We can read about the Year of Jubilee in the book of Leviticus, where much of the law of Moses is delineated. Leviticus gives much space and attention to the laws of sabbath.
What you and I know about sabbath is what we remember from the Ten Commandments: Remember the sabbath day and keep it holy. We have learned that the seventh day is designated as a day of rest. Which we may or may not pay any attention to, although I believe we all understand in some way that rest is essential for human beings, even if we do resist it.
What we may not know, though, is that the concept of rest, and the pattern of seven, extends well beyond this one commandment. In Leviticus Chapter 25, it is written that the land should be given a rest every seven years, to lie fallow for a year. It is good for the land and consequently good for all of life. Modern farming practices have shown us how land can be exhausted, depleted, less nourishing for life. Some farmers have realized that letting their fields lie fallow is a sensible practice.
During this year of sabbath for the land, the people and their animals are permitted to eat whatever the land produces on its own. And they are, of course, encouraged to store what they can in the previous year to see them through the sabbath year. This is the commandment of God. And the promise is that there will be enough.
The pattern of seven continues as we next hear about the “Sabbath of Sabbaths” – the Year of Jubilee. After seven Sabbath years, so this would occur every 50th year. The Jubilee combines a time of sabbath rest, a time of homecoming, and a time of liberation. The land is to lie fallow, as it does in the Sabbath year, and each Israelite is to return to their ancestral land and clan. Debts are to be forgiven. Israelite slaves are to be set free, and land is to be returned to its original owners or their descendants.
What this means is that, if a person falls on hard times and is forced to sell his land or himself to pay off debts, the sale is not permanent. Both land and people are set free in the Jubilee .
The Year of Jubilee is about forgiveness, about restitution, about restoration. It is a massive reset button that God has commanded to be enacted, about once every generation, for the sake of all creation.

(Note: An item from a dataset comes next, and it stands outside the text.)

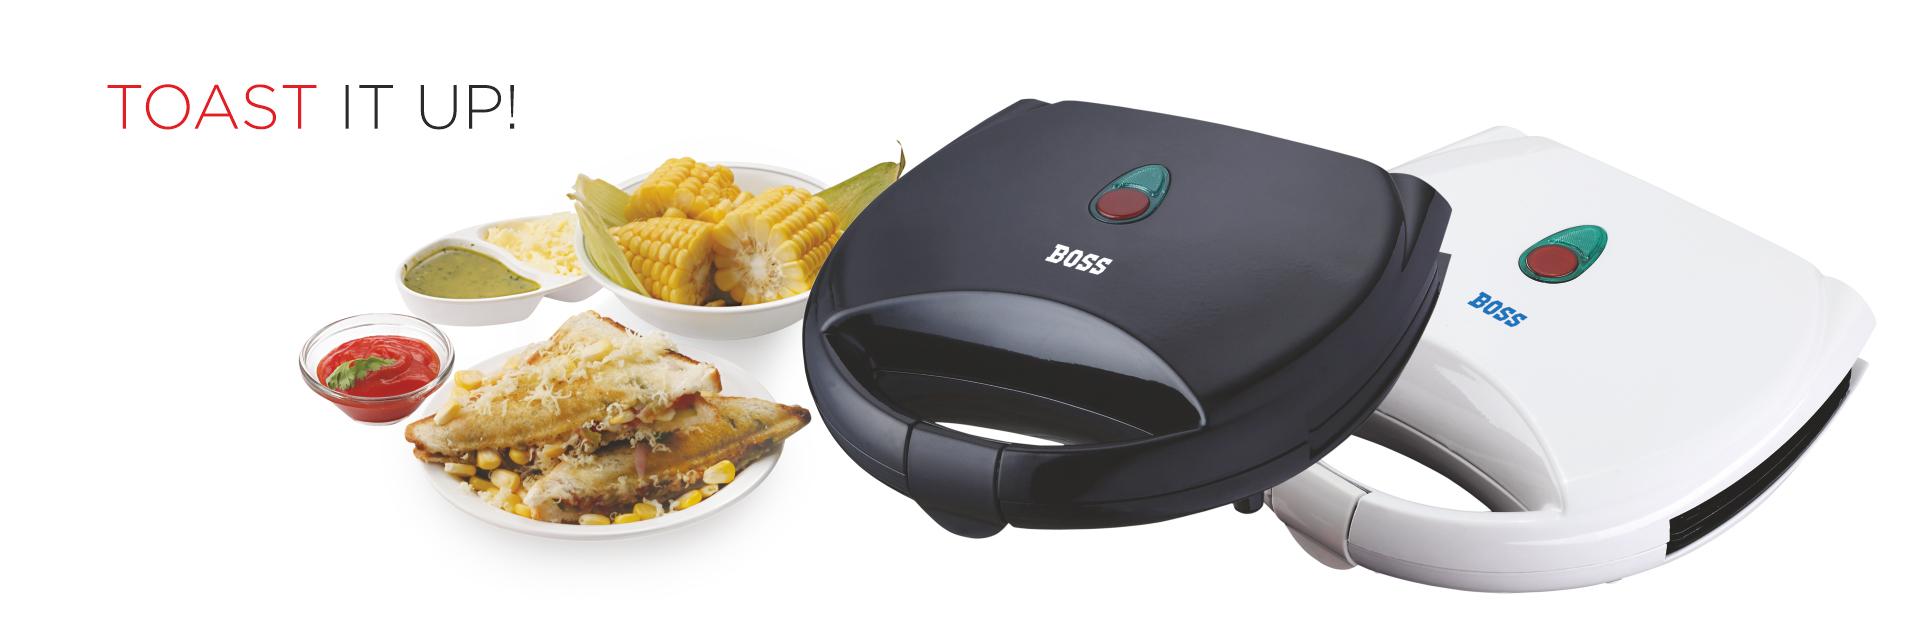 BOSS Griller Toaster

Some would call this radical, but that does not make it wrong. Some would call it irrelevant because we cannot point to any evidence that Israel actually practiced this law as it is prescribed. However, that doesn’t make it any less relevant than the command to love God and love your neighbor.
In our Bible study this past Thursday, as we began our journey through the Gospel of Luke, we talked about how the texts again and again seem to proclaim a kind of divine intention to level things out. It is celebrated by Mary in her song; it is proclaimed by John the Baptist; and now it comes from Jesus himself, as he reads from the prophet. Then he sits down to teach, and he begins with this: “Today this scripture has been fulfilled in your hearing.”
I suppose he is telling them just what his purpose is. He is telling us as well.
I realize this is a lot to absorb, and if you are inclined to reject the notion out of hand, I ask you to keep an open mind and heart to what Jesus is saying.
We call Jesus Christ our Savior, the author of our salvation. Salvation has many different manifestations; it means much more than checking into heaven when we die. If we pay attention when we read in the scriptures we will see that much of the time they are speaking of salvation in this world, in this life. As Jesus said in the synagogue that sabbath day, “Today this scripture has been fulfilled in your hearing.”
These words might have fallen on the ears of his hearers as a healing balm – good news for the poor, release to the captives, freedom for the oppressed – because they lived under the power of the Roman Empire. It was their lived experience.
When there is great disparity between the wealthy and the poor, the powerful and the powerless, there is also great suffering. None of which, we know, is the will of God. Yet, God sees the suffering and chooses to address it, by the law and the prophets. And Jesus. The year of jubilee might never have been practiced as it is written. But we don’t dismiss it, because it sheds light on the quality of God’s mercy, which is great.
The words Jesus spoke in the synagogue that day are sometimes called his inaugural address. It is how he chose to define his mission, proclaim his purpose. And it follows that as the church, the body of Christ, it must be our purpose as well. To work for these values he proclaims. To understand that the gifts we have received are meant to be shared. Everything – from love and forgiveness down to our daily bread – these are all gifts meant to be shared again and again and again.
It may be helpful for us to see ourselves as embodying both rich and poor. Each one of us is poor in some ways and rich in others. And so, in God’s eyes, we each are meant to be both givers and receivers. The economy of Jesus is not a trickle-down theory, but a never-ending circle.
Where we give, and we receive, and the circle spreads ever outward.